**INPUT MATERIAL**
[Start of section]
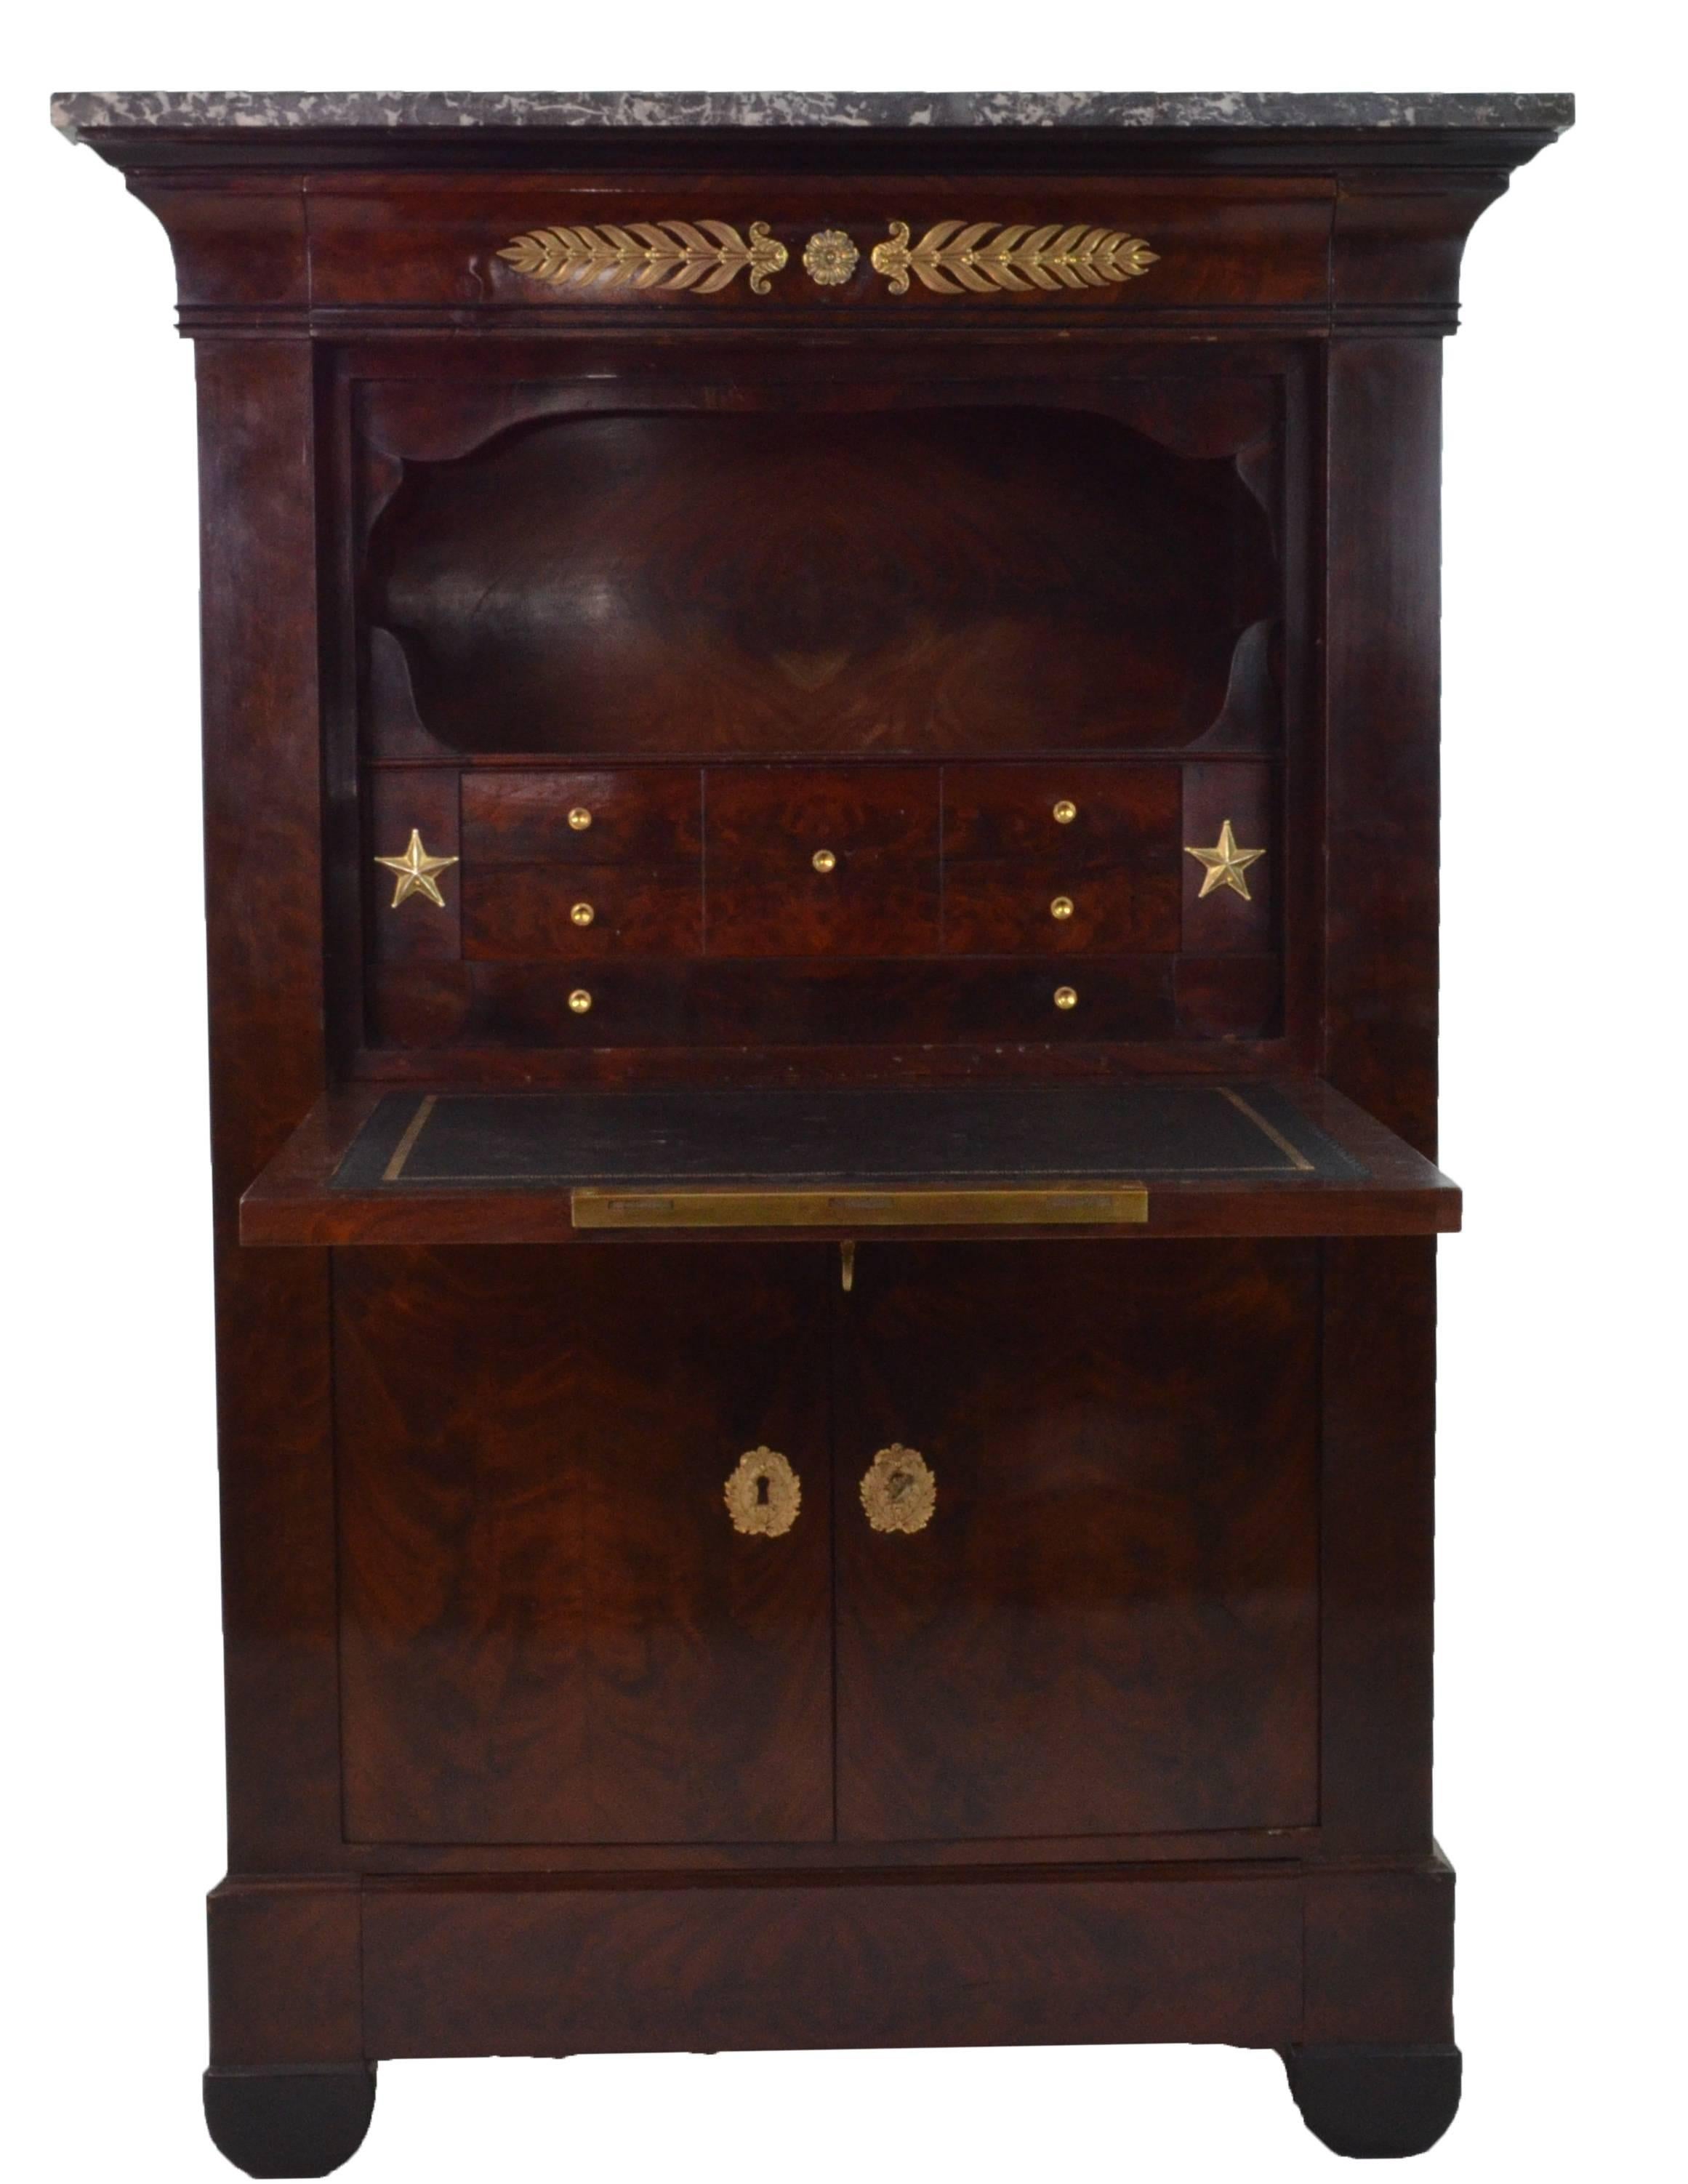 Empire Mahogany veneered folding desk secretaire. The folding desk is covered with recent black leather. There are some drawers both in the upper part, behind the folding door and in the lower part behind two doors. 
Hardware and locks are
[End of section]
[Start of section]
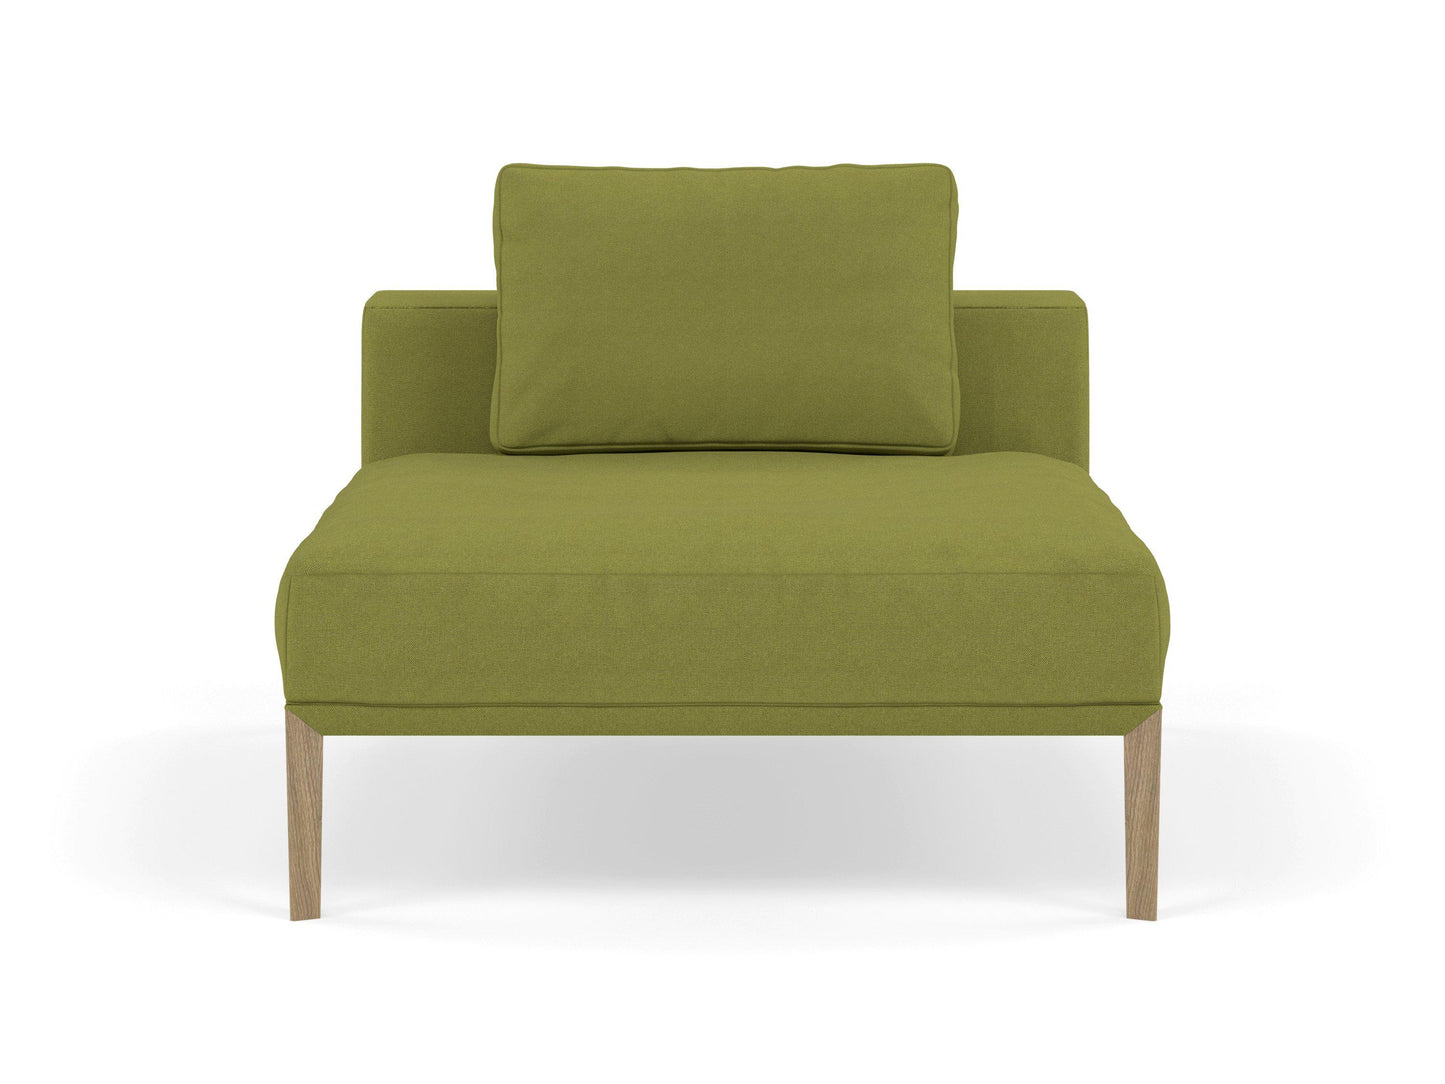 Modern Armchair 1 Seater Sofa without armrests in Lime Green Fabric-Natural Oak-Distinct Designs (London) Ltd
[End of section]
[Start of section]
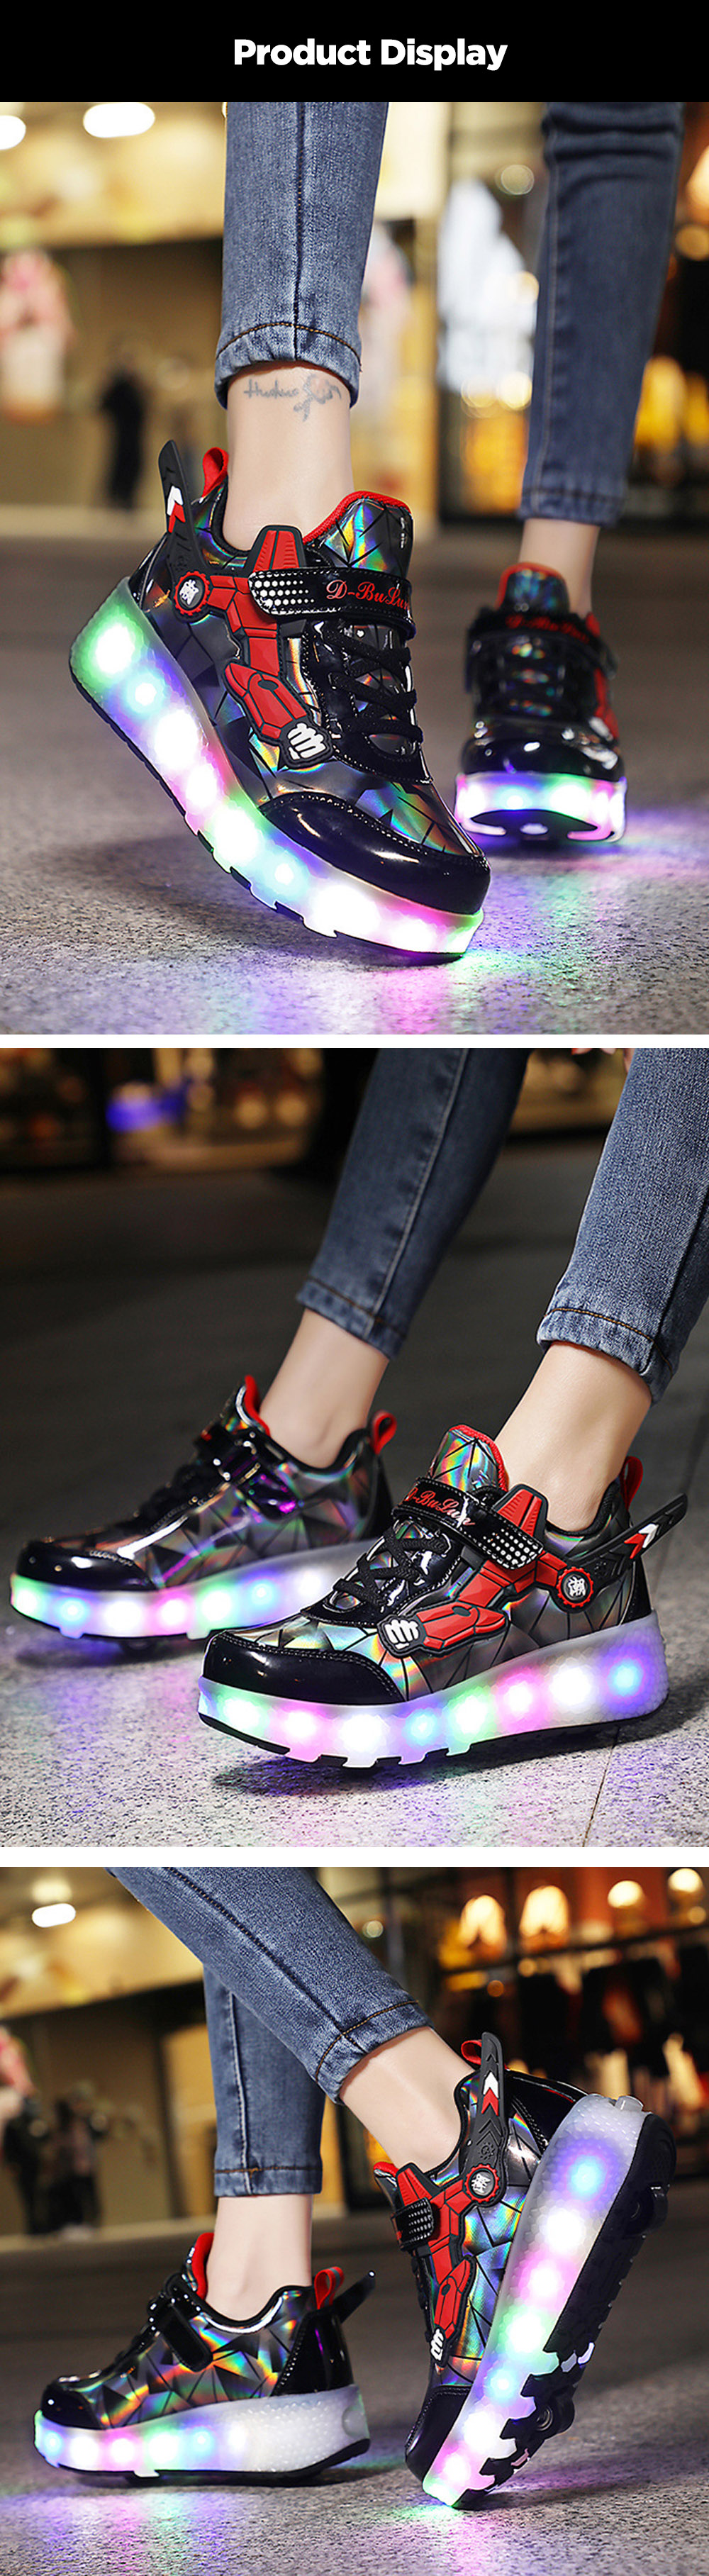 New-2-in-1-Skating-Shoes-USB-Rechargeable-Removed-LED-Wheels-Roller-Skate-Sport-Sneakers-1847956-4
[End of section]
**TASK DIRECTIONS**
Each line above that falls between the line with "Empire Mahogany veneered" and the line with "Hardware and locks are" should be printed exactly, together with those two lines, but the pictures should not.

**RESPONSE TO THIS TASK**
 Empire Mahogany veneered folding desk secretaire. The folding desk is covered with recent black leather. There are some drawers both in the upper part, behind the folding door and in the lower part behind two doors. 
Hardware and locks are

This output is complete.